* _EXERCISE MATERIAL_
════════════════════

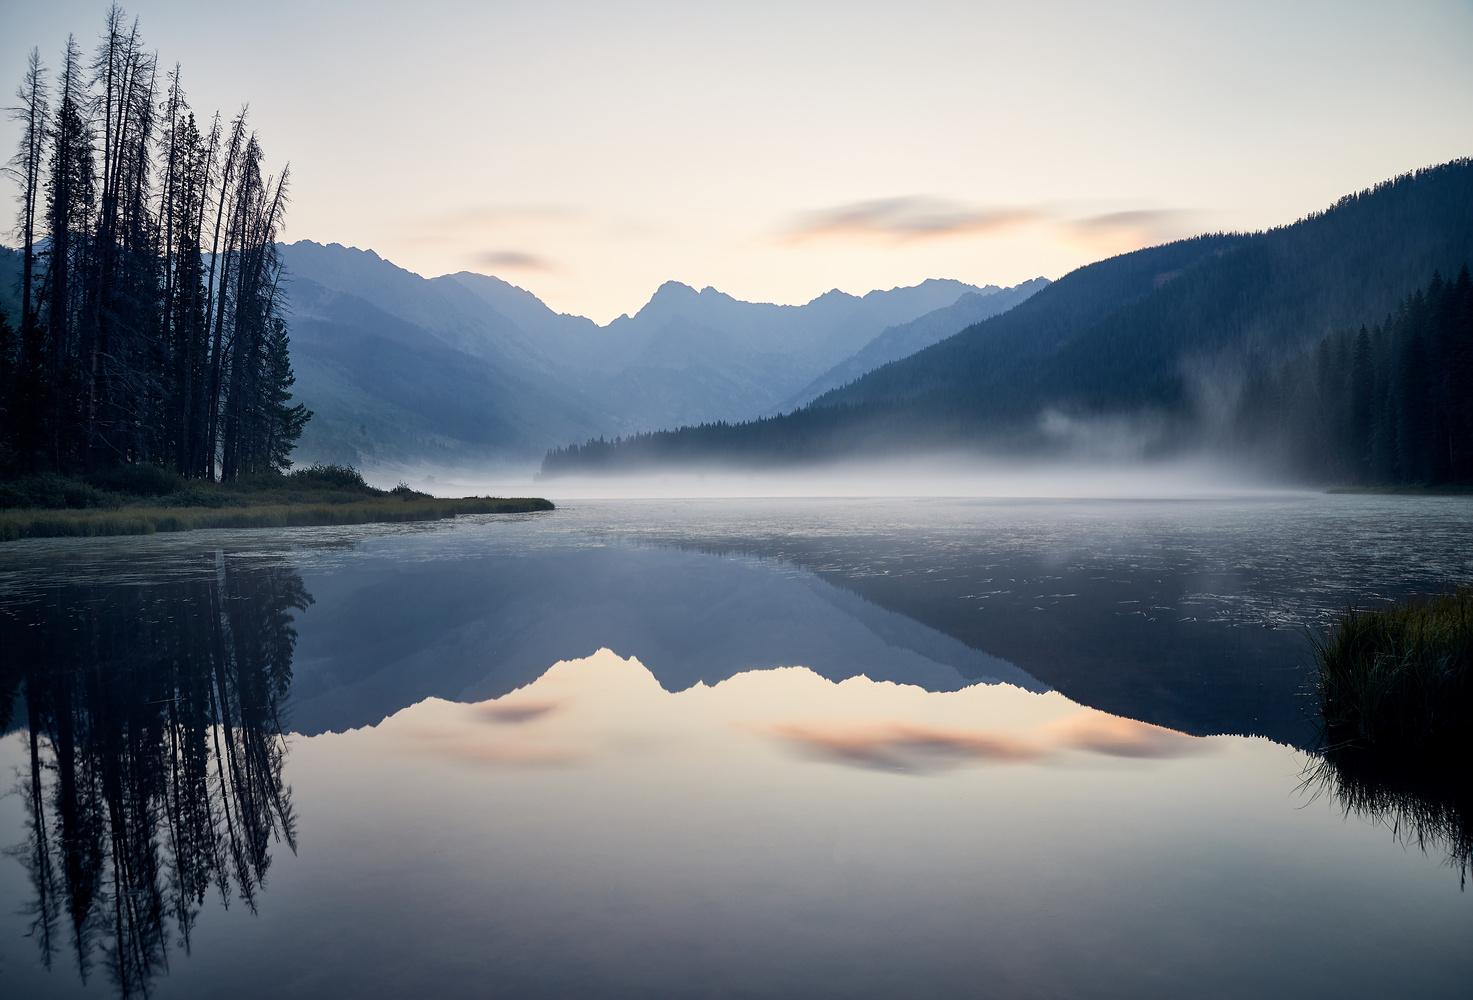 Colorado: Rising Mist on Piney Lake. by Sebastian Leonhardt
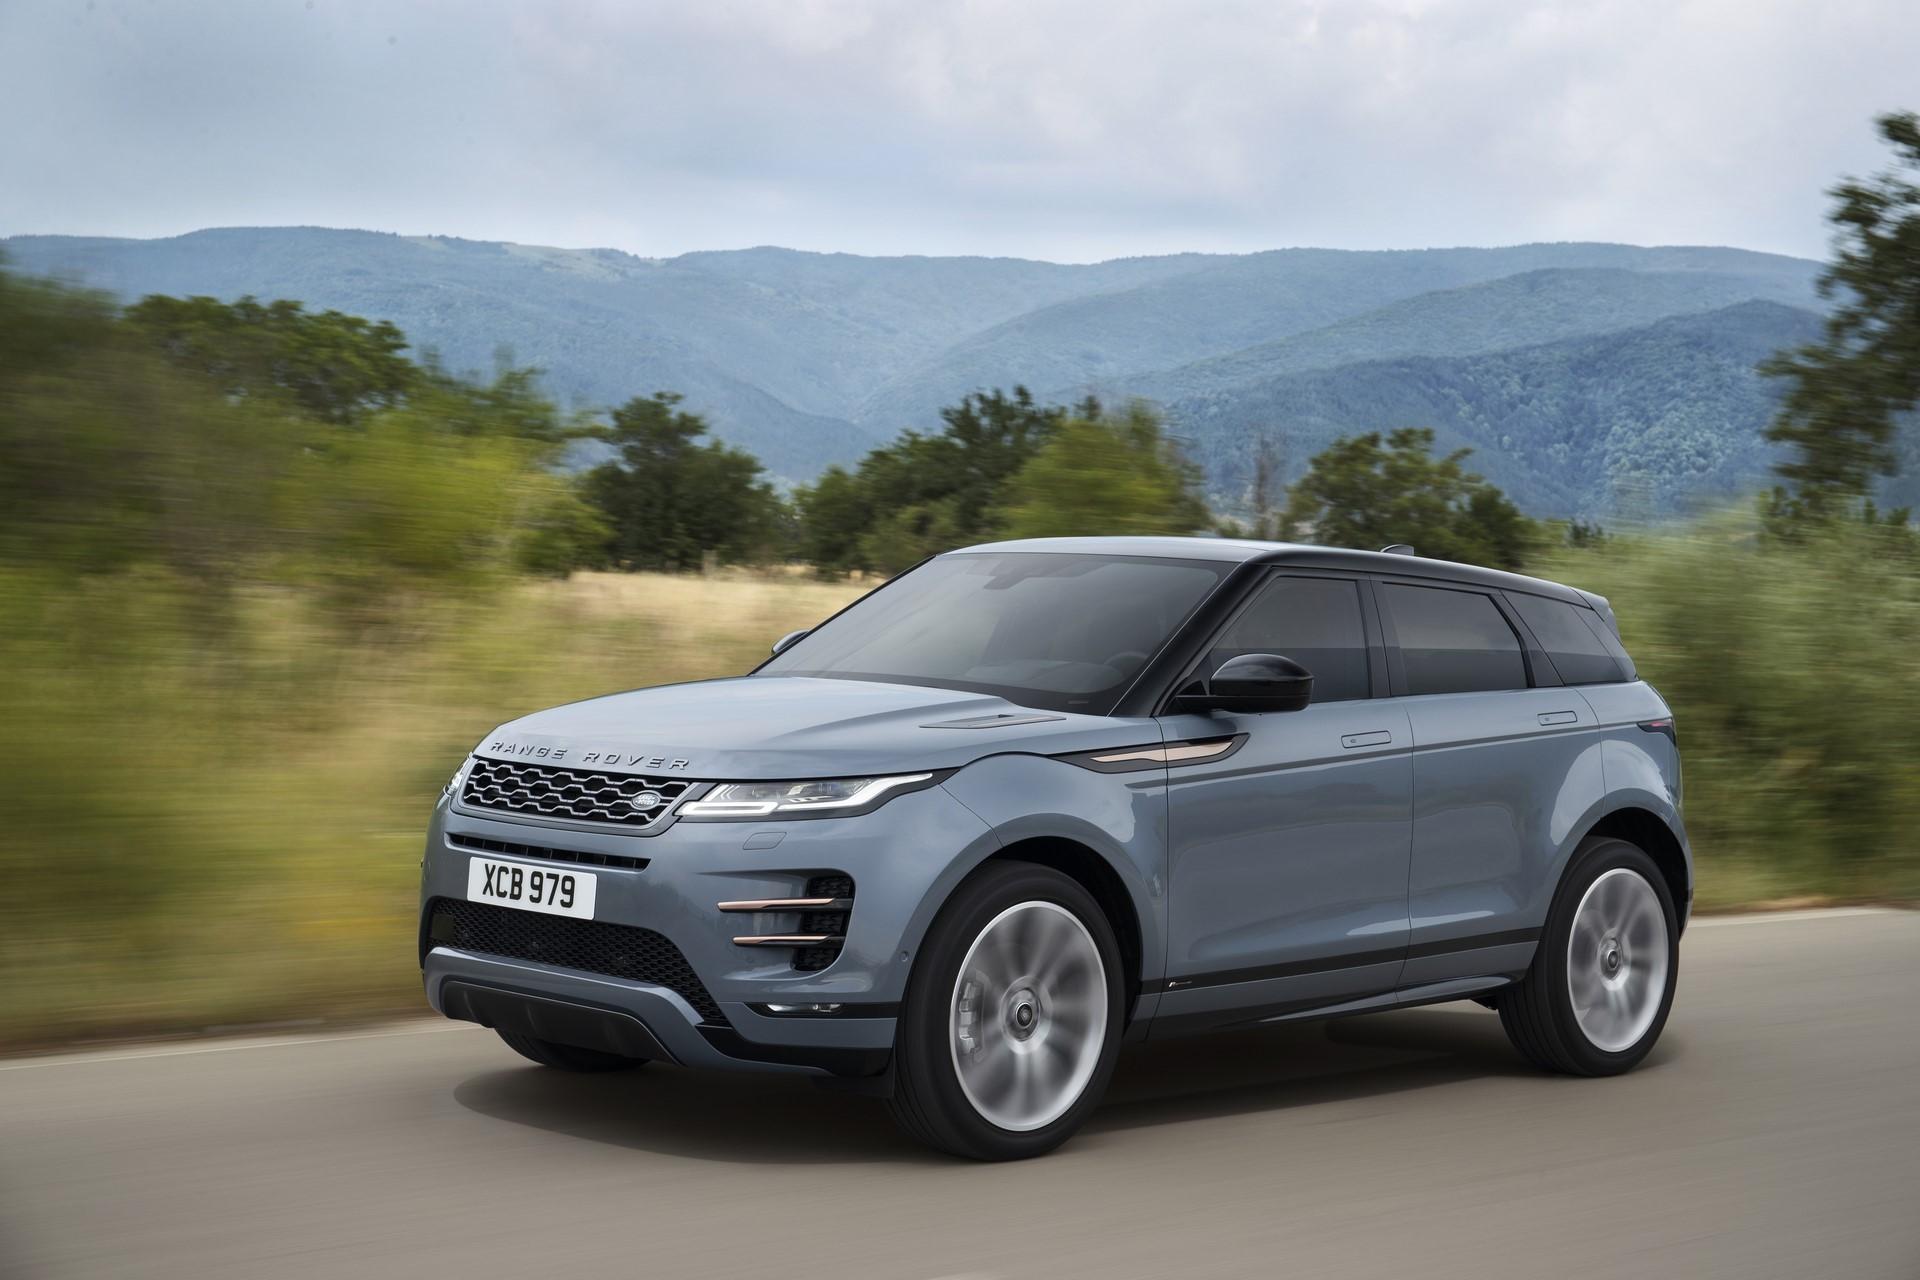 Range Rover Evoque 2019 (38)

════════════════════

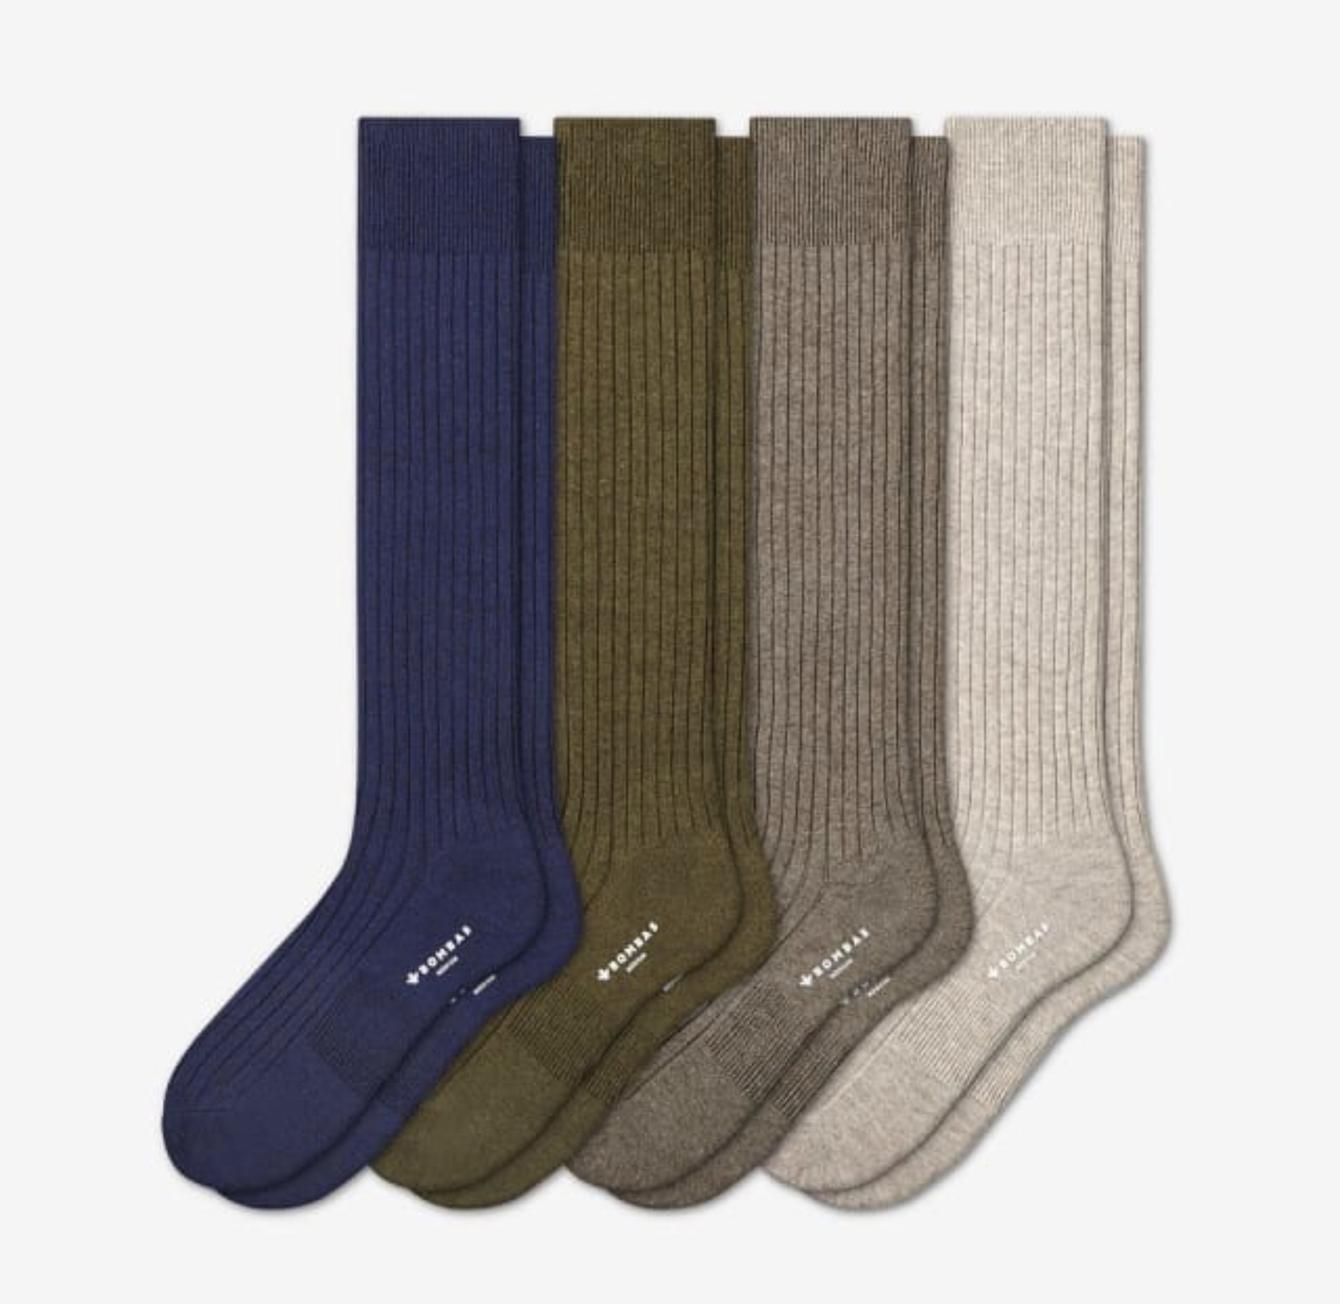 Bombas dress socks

════════════════════

* _YOUR ASSIGNMENT_
Output should consist of the lines above from the one with "Colorado: Rising Mist" down to the one with "Range Rover Evoque 2019 (38)", exact and without pictures.

* _TASK RESPONSE_
 Colorado: Rising Mist on Piney Lake. by Sebastian Leonhardt
 Range Rover Evoque 2019 (38)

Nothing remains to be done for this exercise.